Дебора деликатно продолжала допрос. Она села на место обвинителя и попросила подвергнуть Марджори перекрестному допросу.
После трех часов сидения на свидетельском месте Марджори была бледна, ее всю трясло. Несмотря на попытки адвоката разрушить ее имидж, она все же выглядела юной и уязвимой.
И этот образ, с удовлетворением думала Дебора, останется в памяти членов суда присяжных.
— Отличная работа, советник! Дебора повернула голову и с досадой и одновременно с удовольствием увидела Гейджа.
— Что вы здесь делаете?
— Наблюдал за вашей работой. Если мне когда-нибудь понадобится адвокат…
— Вы не забыли, что я прокурор?
Он улыбнулся:
— Тогда мне придется не попадаться на нарушении закона!
Она встала, и он небрежно, по-дружески взял ее за руку. Почему-то этот жест показался ей собственническим.
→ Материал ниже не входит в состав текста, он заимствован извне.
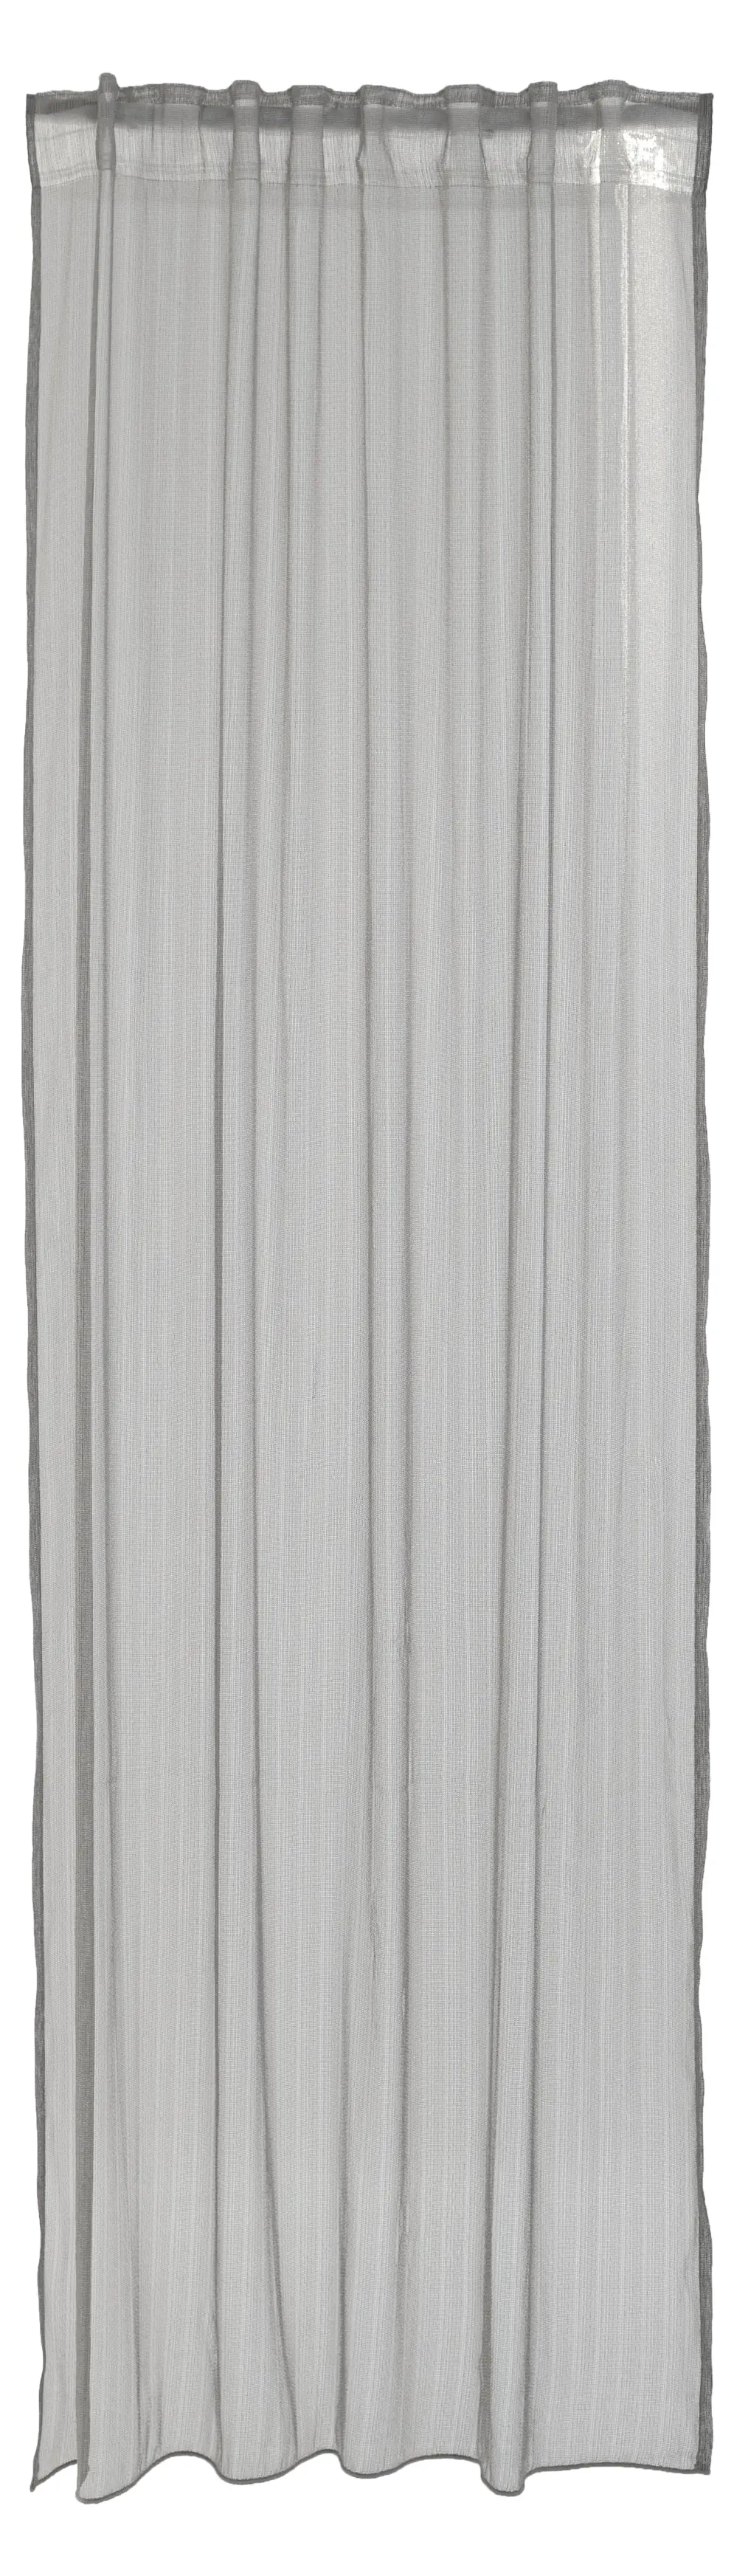 Vorhang modern silber streifen

— Можно вас подвезти? А как насчет обеда?
Дебора решила, что больше он ее не соблазнит! Пусть даже не надеется!
— Мне очень жаль, но у меня дела.
Он пристально посмотрел на нее:
— Полагаю, вы именно это имеете в виду?
— У меня действительно много дел.
— Нет, я имел в виду, что вам жаль!
Взгляд у него был такой глубокий, такой теплый, что она едва сдержала вздох.
— Вопреки всякому здравому смыслу мне действительно жаль. — Она вышла из зала суда в коридор.
— Тогда хоть позвольте вас подвезти.
Она мельком бросила на него через плечо раздраженный взгляд.
— Разве я вам уже не говорила, как я отношусь к назойливым мужчинам?
— Говорили, но все-таки пообедали со мной!
Она невольно засмеялась. После напряженных часов в суде это было разрядкой.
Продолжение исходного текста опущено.